1988: The First Commercially Successful Video Codec

• The ITU made a significant leap in video technology by introducing the H.261 video codec in 1988.
• Tailored for video conferencing, H.261 offered a resolution of 352×288 pixels at a frame rate of 30 frames per second, marking a milestone in video compression and transmission for commercial applications.

1990s: The Rise of MPEG Standards

• The Motion Picture Experts Group (MPEG) then took center stage in the 1990s, developing a series of video coding standards that became globally dominant.
• MPEG-1, introduced in 1993 for use in CD (VCD) players, provided a resolution of 352×240 pixels at 30 frames per second, enabling higher quality video on digital mediums.
• MPEG-2 followed, designed for DVD players. It maintained the frame rate but improved the resolution to 720×480 pixels, enhancing video quality for home entertainment.

2000s and Beyond: Advancements and Wide Adoption

• The most transformative development in recent times has been the H.264/MPEG-4 AVC codec, introduced in the mid-2000s and becoming the most widely used video codec since 2016.
• H.264/MPEG-4 AVC stands out for its versatility and efficiency, being used in a plethora of applications from video recording to streaming, offering high-quality video compression suitable for various platforms and devices.

How Video Codec Works?

A codec encapsulates the essential processes of data transformation for both video and audio, serving as a bridge between raw media content and its transmission across networks, as well as its final consumption. The codec's journey begins with the original media — raw video footage and its original sound. These elements are first processed separately; the video through a video codec and the audio through an audio codec. The codecs apply sophisticated algorithms to encode and compress the data, reducing file sizes by eliminating redundant information and optimizing the data stream for transmission.

Once compressed, the audio and video streams are combined or encapsulated into a single video file format, ensuring that they remain synchronized. This file is then ready for storage or transmission across data networks, taking up less bandwidth and space than the original content. At the reception end, the process reverses. The same or compatible codec decodes and decompresses the video file, turning the compacted byte sequence back into audio and video streams. During this stage, the codec reconstructs the data to a state as close to the original as possible, balancing the inherent loss from compression with the need for efficient transmission.

The final step is the playback, where the decompressed audio and video are presented in unison, delivering a seamless viewing experience. This entire process demonstrates the codec's role in managing the delicate trade-off between maintaining quality and achieving compression. Different codecs offer a spectrum of outcomes, from smaller file sizes with reasonably acceptable quality to higher-quality files that are larger and may be more challenging to edit. This versatility is particularly evident in modern devices like smartphones, which come equipped with optimized hardware to support various video codecs, ensuring that users can create, share, and consume media with ease and high fidelity.

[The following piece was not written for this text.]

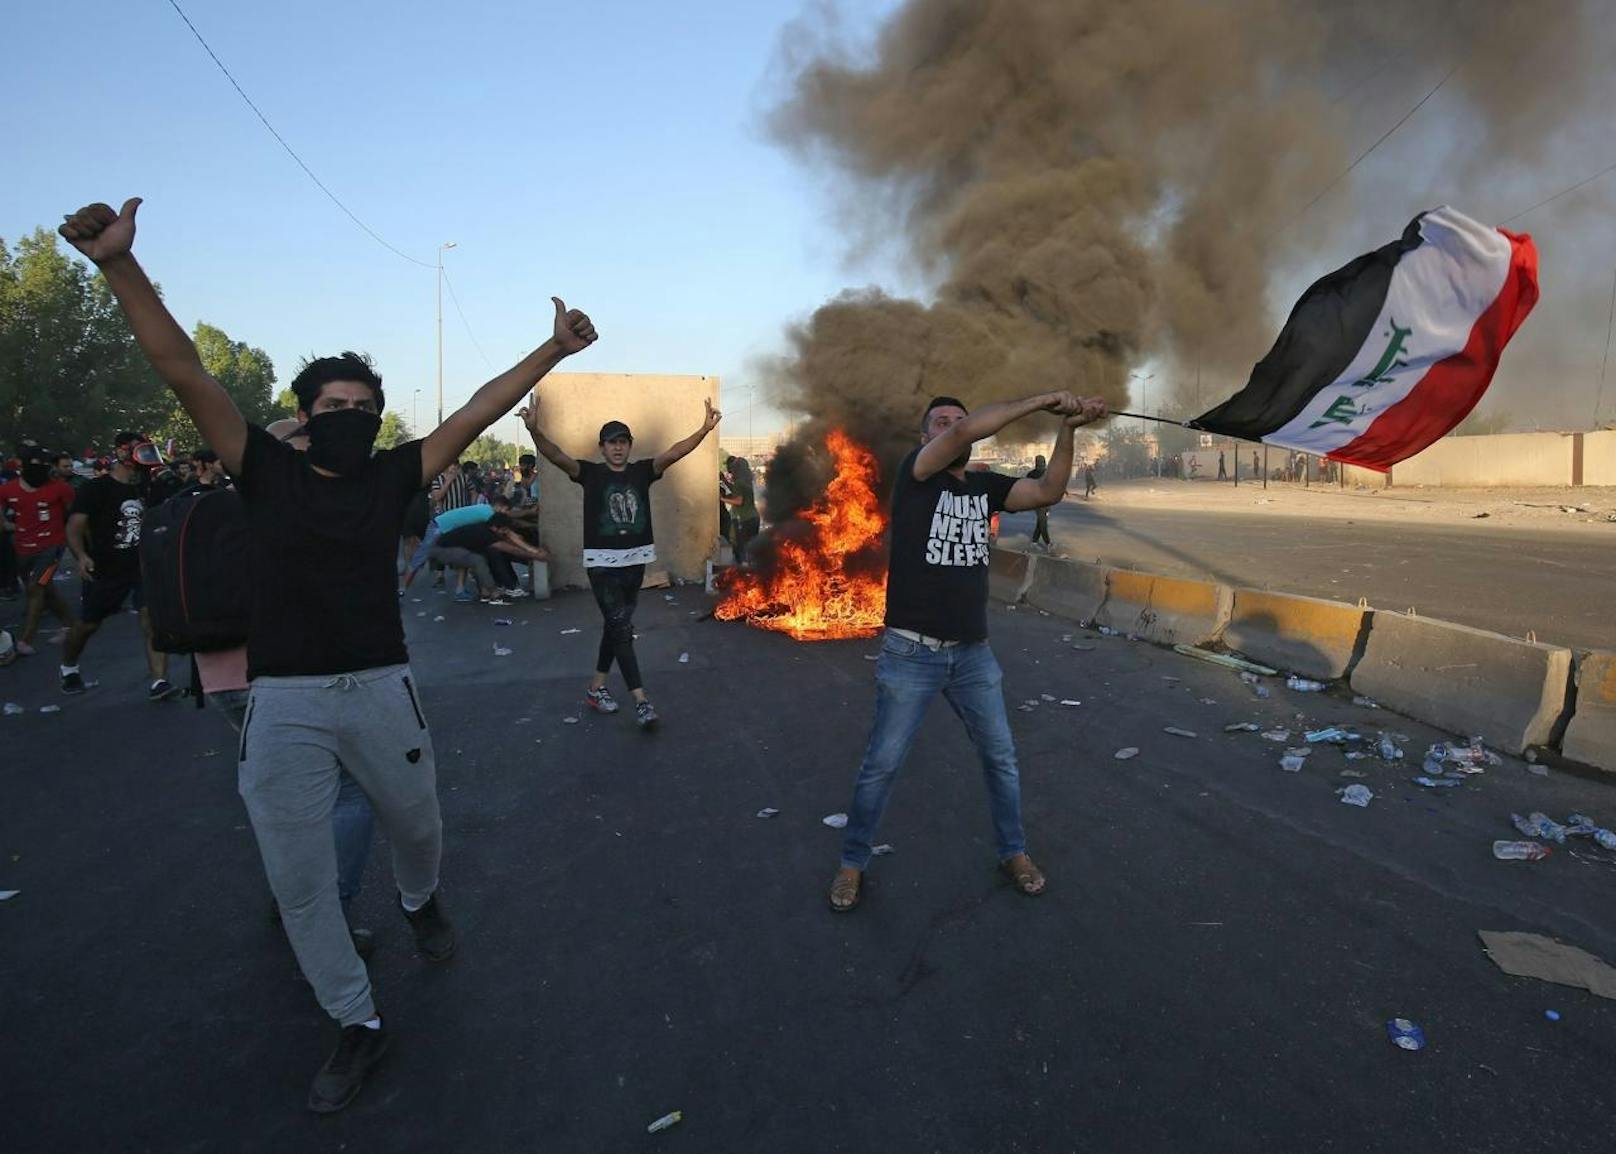 Sicherheitskräfte gingen mit Tränengas und Schüssen gegen die Demonstranten vor. Mehr als 90 Menschen starben.

The history and evolution of codecs, from G.711 and H.261 to the more advanced H.264/MPEG-4 AVC, reflect the ongoing advancement in codec technology, shaping how we experience digital media today.

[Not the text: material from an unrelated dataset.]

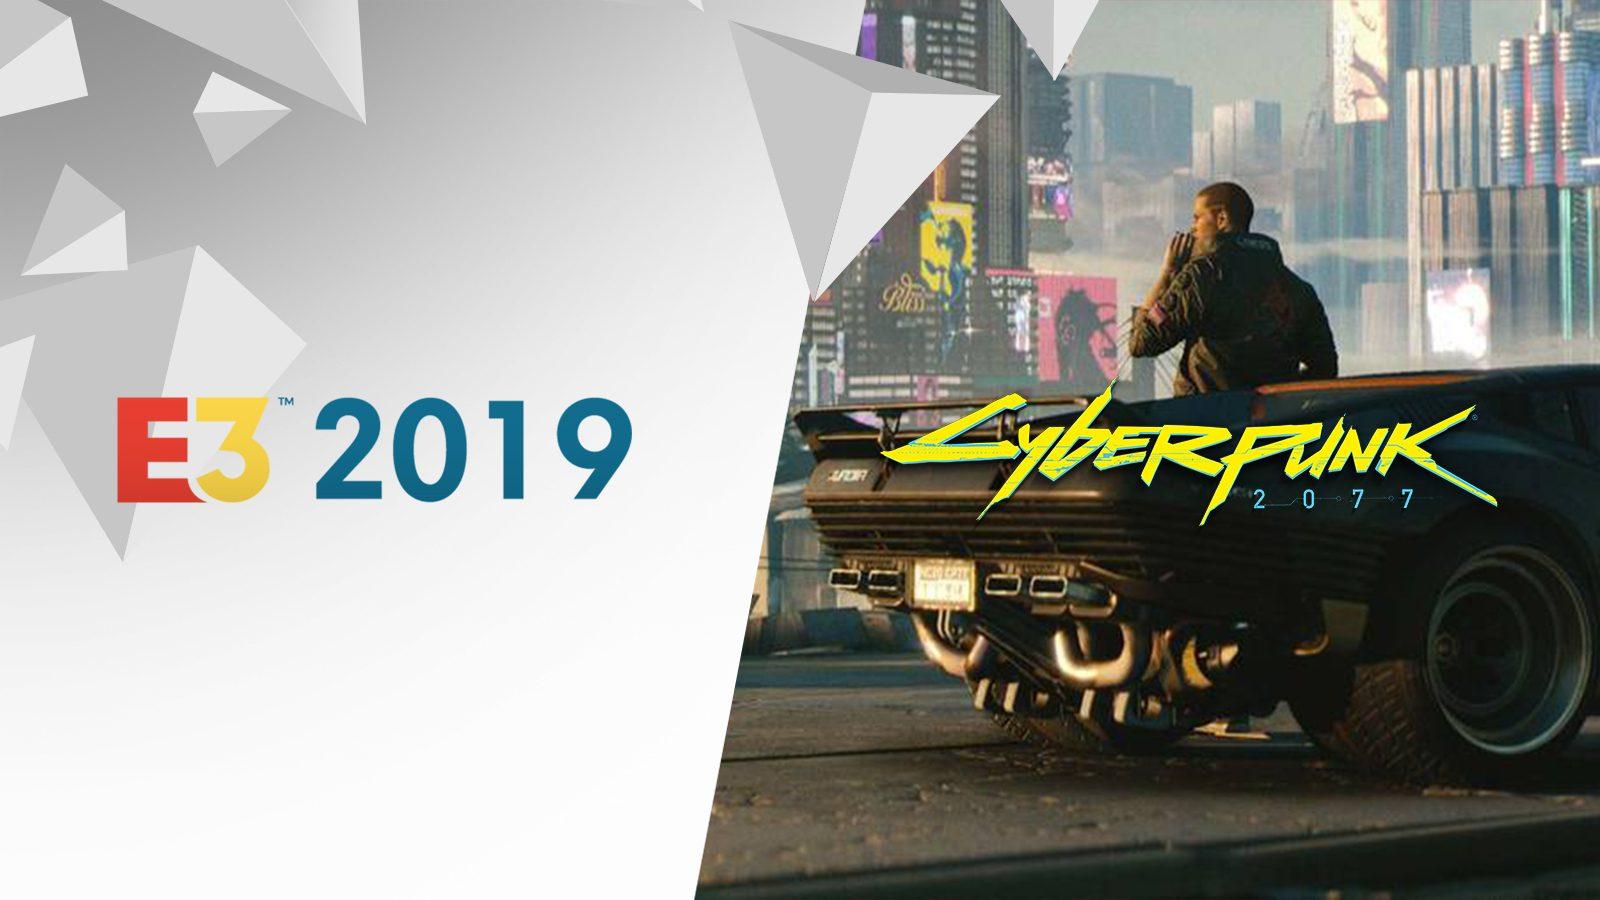 Cyberpunk 2077 at E3 2019: Schedule, release date rumors, gameplay

Difference between Video Codecs and Video Containers?

A video container, also known as a container format, serves as a "wrapper" or "holder" for various types of data related to multimedia. Essentially, it's a file format that contains and organizes video, audio, subtitles, and any other metadata into a single file structure. The container determines how these different data streams are stored and interlinked, ensuring they play back in sync.

The video container doesn't affect the quality of the video or audio, as it does not compress or manipulate the data streams itself; that's the job of the codecs. Instead, the container format defines how the streams are packaged together and interact with playback devices or software. For instance, an MP4 file is a popular container format that can hold video and audio compressed by codecs such as H.264/MPEG-4 AVC for video and AAC or MP3 for audio.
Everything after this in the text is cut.